A lot of expensive research is being done regarding what happens at the cellular level in the tick-borne diseases, but until repeatable, accurate tests are available to identify which pathogens are infecting a particular patient, research to show the effectiveness of particular treatments, is futile. Until that time, doctors are justified in diagnosing the tick-borne diseases clinically and ermpirically, treating with long-term antibiotics, judging the response over months rather than days. Long term exhibition of antibiotics is less likely to cause resistance to the antibiotics than short courses.
After penicillin with the advent of the antibiotic age, many considered we had conquered infectious diseases for good. How wrong they were. Emerging and changing infectious diseases now present an awesome challenge around the planet. In the fight against the harmful germs, we have not begun to win and great losses are to be expected. We may consider humans smart but the microbes have shown themselves to be even smarter in this present age.
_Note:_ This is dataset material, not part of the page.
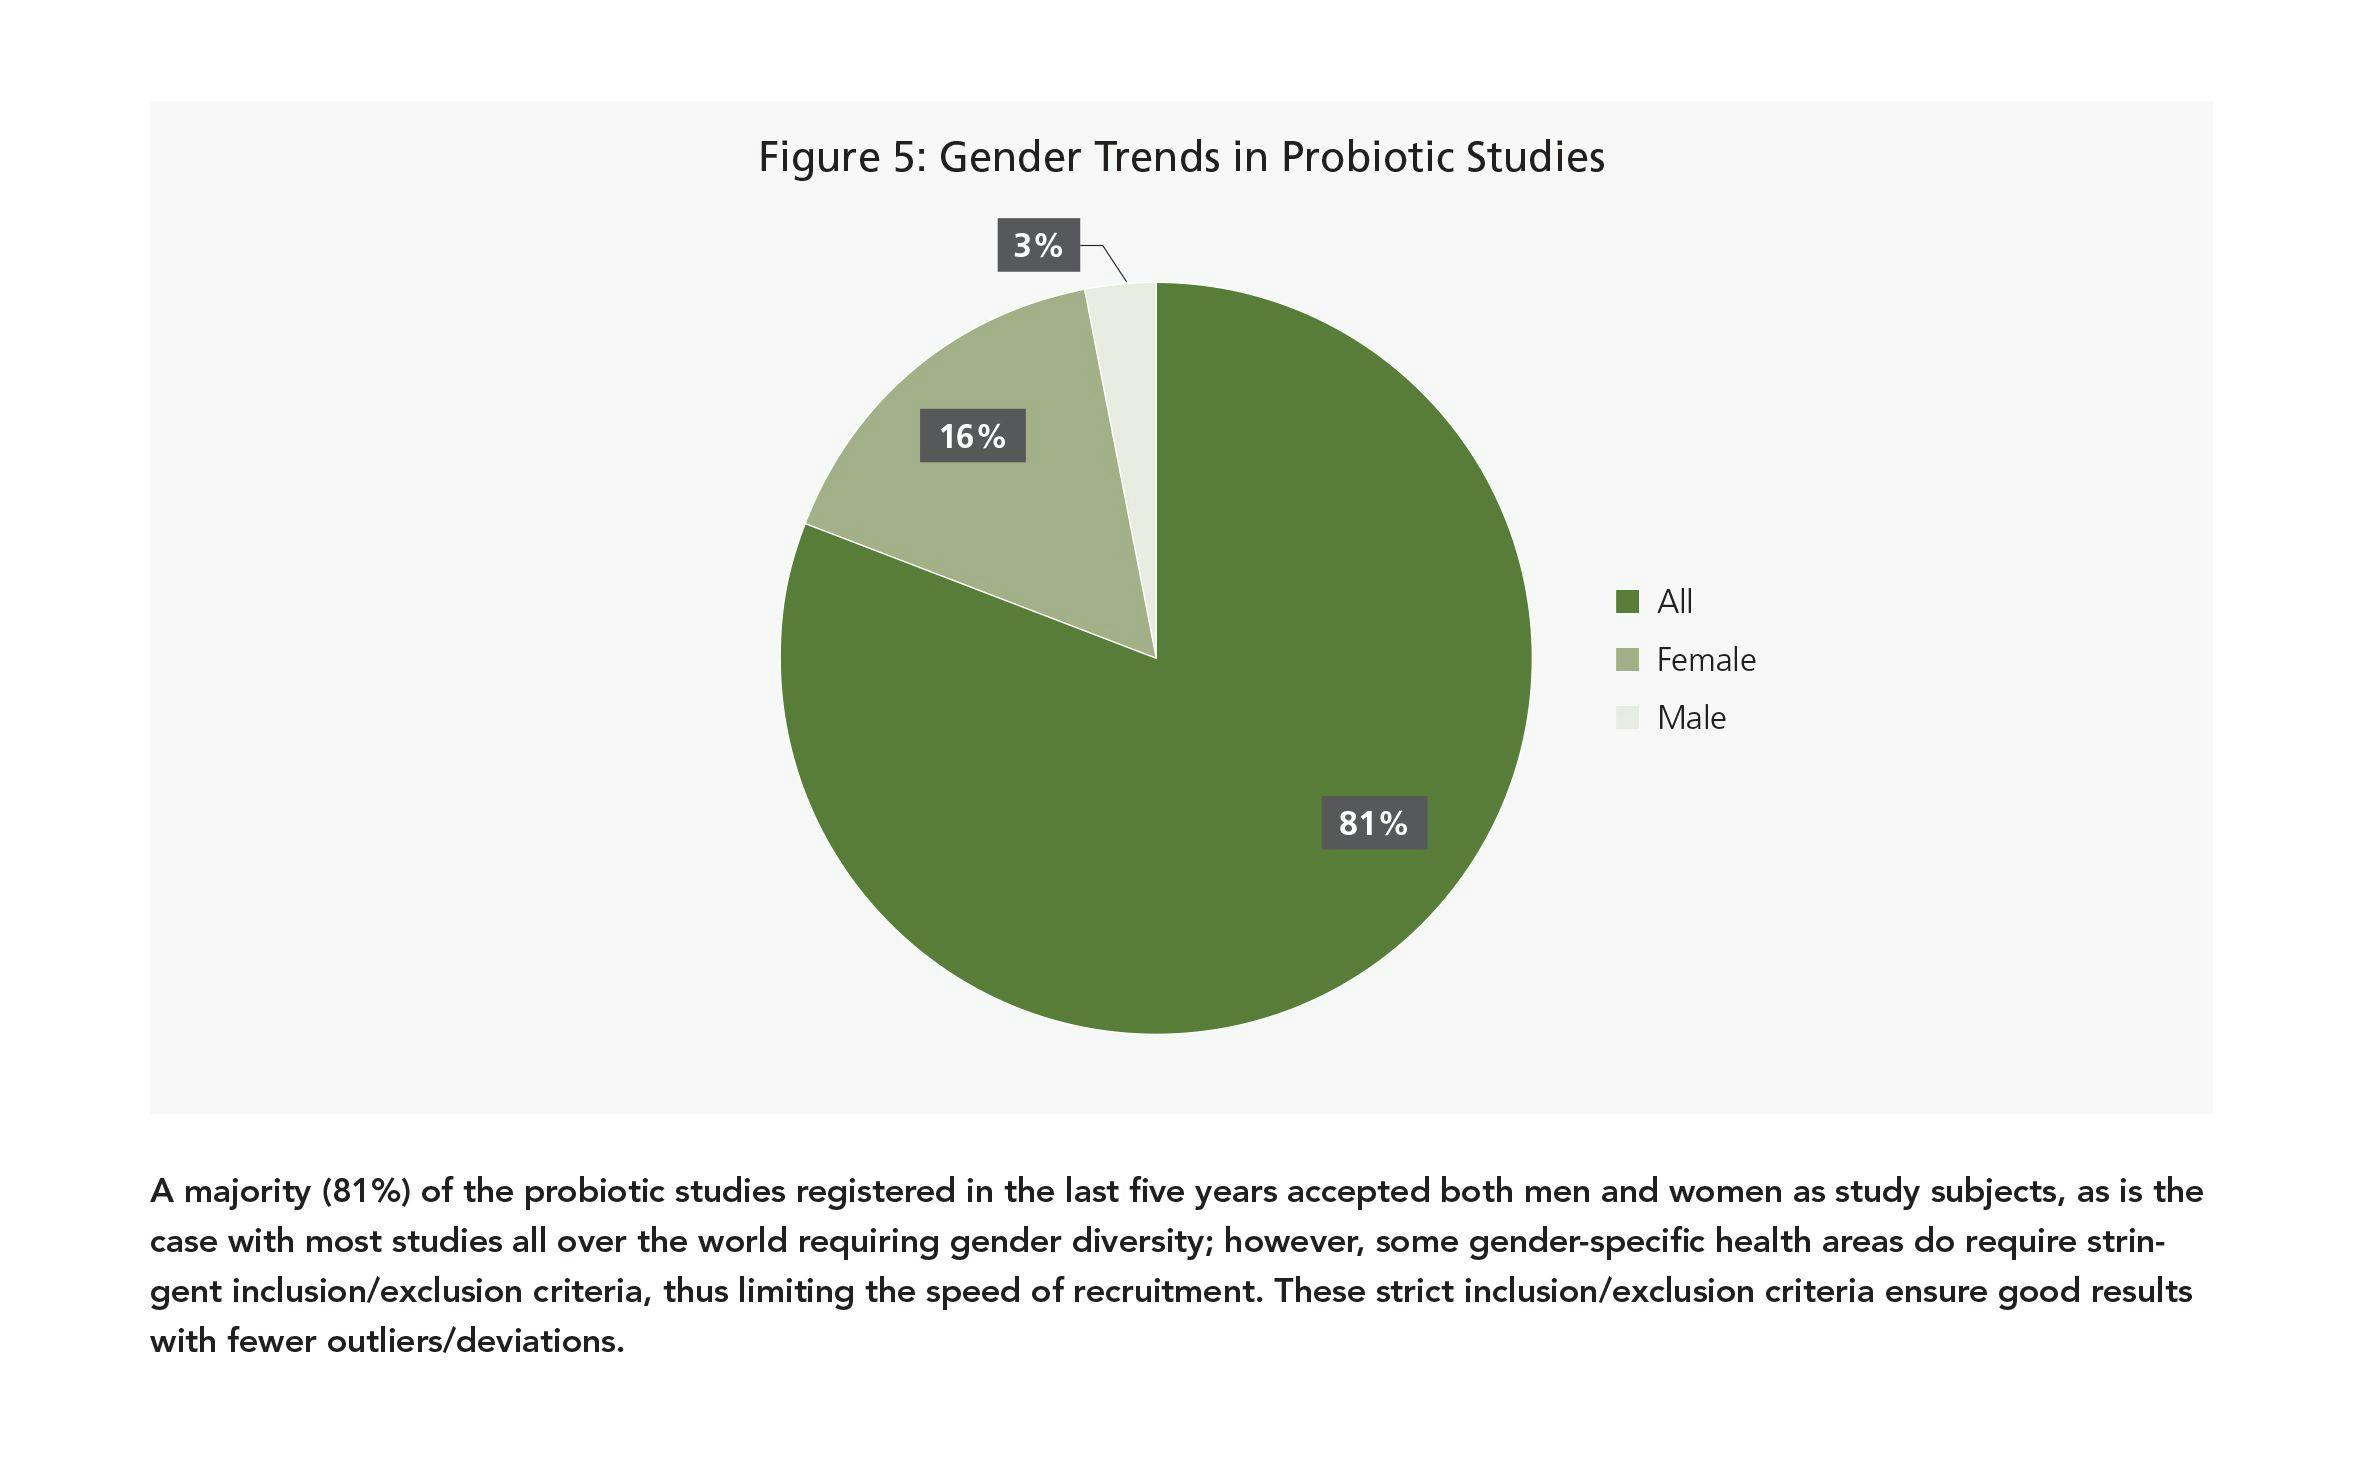 A majority (81%) of the probiotic studies registered in the last five years accepted both men and women as study subjects, as is the case with most studies all over the world requiring gender diversity; however, some gender-specific health areas do require stringent inclusion/exclusion criteria, thus limiting the speed of recruitment. These strict inclusion/exclusion criteria ensure good results with fewer outliers/deviations.

This paper was originally presented to the Second National Lyme Convention held in Gettysburg PA on Saturday, July 27 and Sunday, July 28, 2002. Reprinted by permission of Dr. McNeil.
Dr. Ted McNeil is an acadamician in the International Academy of Aviation and Space Medicine. He was a pioneer in International Medical Air Rescue and wrote the first text book on the subject. He also worked with NASA and designed the equipment for performing surgery in a weightless environment. Later, Dr McNeil worked as an emergency room physician in Connecticut. He is interested in all changing and emerging infectious diseases and gave a presentation on the subject to the Acadamy in Paris in September, 2001, in which he discussed tick-borne diseases among others.
Now retired and living in Florida, Dr. McNeil himself suffers from tick-borne diseases.